Slot online terpercaya – Indonesia menjamin dukungan penuh bagi jamaah haji dan umrah di luar negeri Berita terkait: Menteri mendesak petugas haji untuk menjaga kesehatan menjelang musim haji 2026 Berita terkait: Indonesia mencari koneksi digital yang lancar dengan Arab Saudi untuk jamaah haji
Jakarta (ANTARA) – Kementerian Haji dan Umrah Indonesia menegaskan kembali komitmennya untuk memastikan perawatan dan perlindungan optimal bagi jemaah haji dan umrah yang mengalami kesulitan di luar negeri, termasuk yang sakit selama transit.Kepala Subdirektorat Pengawasan Umrah Kementerian Haji dan Umrah, Andi Muhammad Taufik, menekankan bahwa pemerintah memprioritaskan keselamatan dan kesejahteraan warga Indonesia yang melakukan ibadah haji dan umrah.“Kementerian Haji dan Umrah menjamin dukungan penuh bagi jemaah yang menghadapi masalah hukum di Arab Saudi atau negara transit, serta bagi mereka yang mengalami masalah kesehatan di luar negeri,” ujarnya di Jakarta pada Sabtu.
Pernyataan tersebut disampaikan setelah kasus terbaru melibatkan seorang jemaah Indonesia yang pingsan selama transit di Bandara Internasional Muscat.
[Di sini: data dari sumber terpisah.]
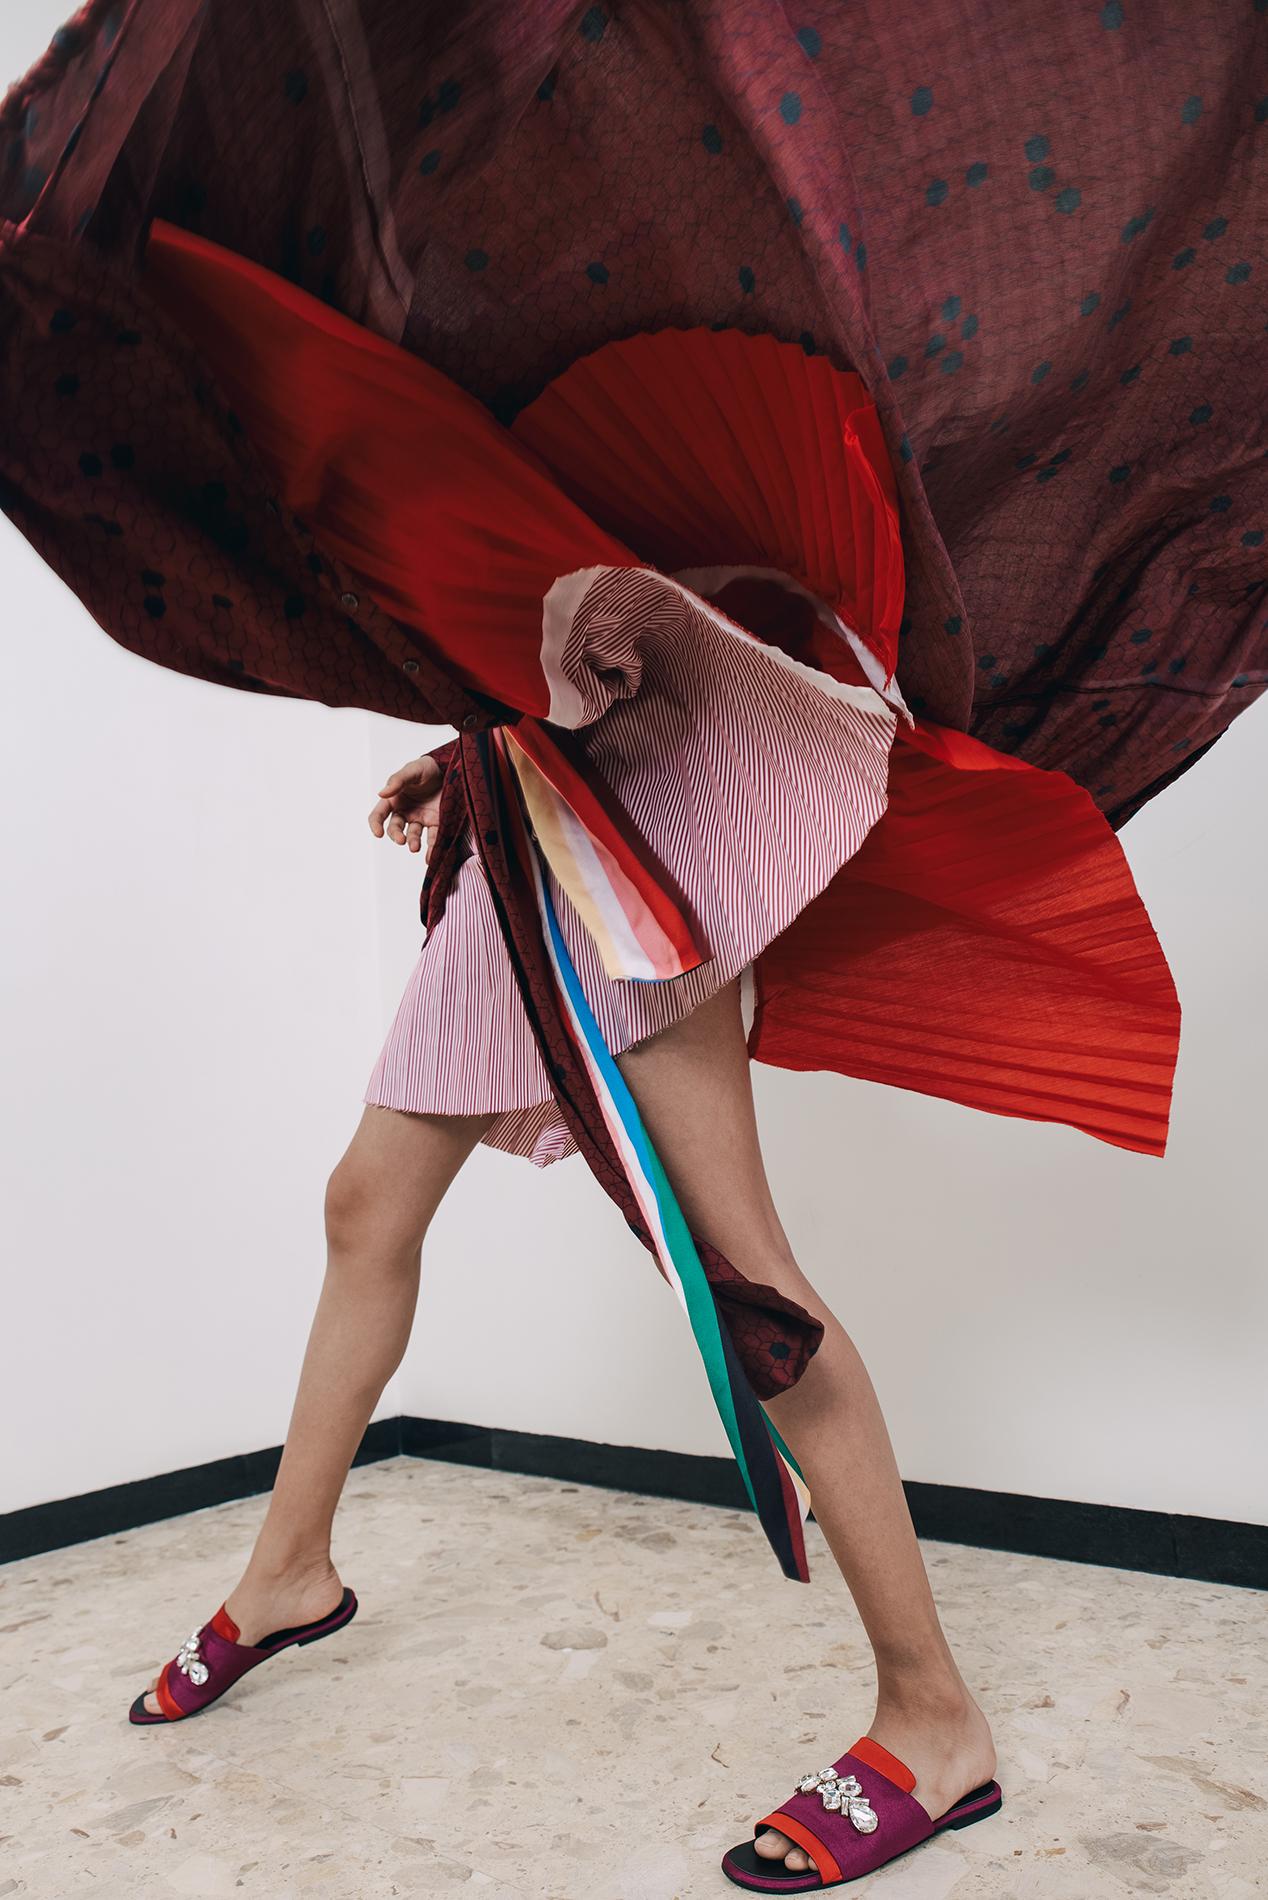 Top – HERA BY AJ Dress – CHOLA Skirt – MADISON Earring – LARA MORAKHIA Footwear – THE HEEL HUSTLE

Pasien tersebut tiba di Oman pada 5 Februari setelah menyelesaikan ibadah umrah di Arab Saudi. Kedutaan Besar Indonesia di Muscat menerima informasi awal mengenai kasus ini dari sebuah rumah sakit lokal di ibu kota Oman, tambahnya.
Karena memerlukan perawatan lebih lanjut, jemaah tersebut dipindahkan ke rumah sakit lain pada 8 Februari dengan persetujuan keluarga. Setelah perawatan intensif, pasien dinyatakan stabil dan diizinkan pulang untuk perawatan lanjutan di rumah sakit rujukan. Taufik mencatat bahwa Rumah Sakit Penyakit Menular Prof.
Dr. Sulianti Saroso (RSPI) di Jakarta telah siap menerima pasien dan mengerahkan ambulans, ventilator, serta tim medis untuk penjemputan di Bandara Internasional Soekarno-Hatta.Dia mengonfirmasi bahwa jemaah telah tiba di Indonesia dan dipindahkan ke RSPI di Jakarta untuk perawatan lebih lanjut.
“Kementerian Haji dan Umrah akan terus memantau kondisi pasien di Indonesia,” ujarnya. Dia menambahkan bahwa kantornya akan berkoordinasi dengan penyelenggara perjalanan umrah yang terlibat. Mengenai biaya yang timbul selama pengobatan.
“Kami menganggap perlu untuk meninjau tanggung jawab penyelenggara dalam melindungi jamaah haji, khususnya dalam hal jaminan kesehatan. Kami juga akan mengevaluasi polis asuransi perjalanan untuk jamaah Umrah,” kata Taufik. Ia menekankan bahwa langkah-langkah tersebut sangat penting untuk memperkuat perlindungan bagi jamaah haji dan memastikan tanggapan yang cepat, profesional, dan bertanggung jawab terhadap risiko selama ibadah haji.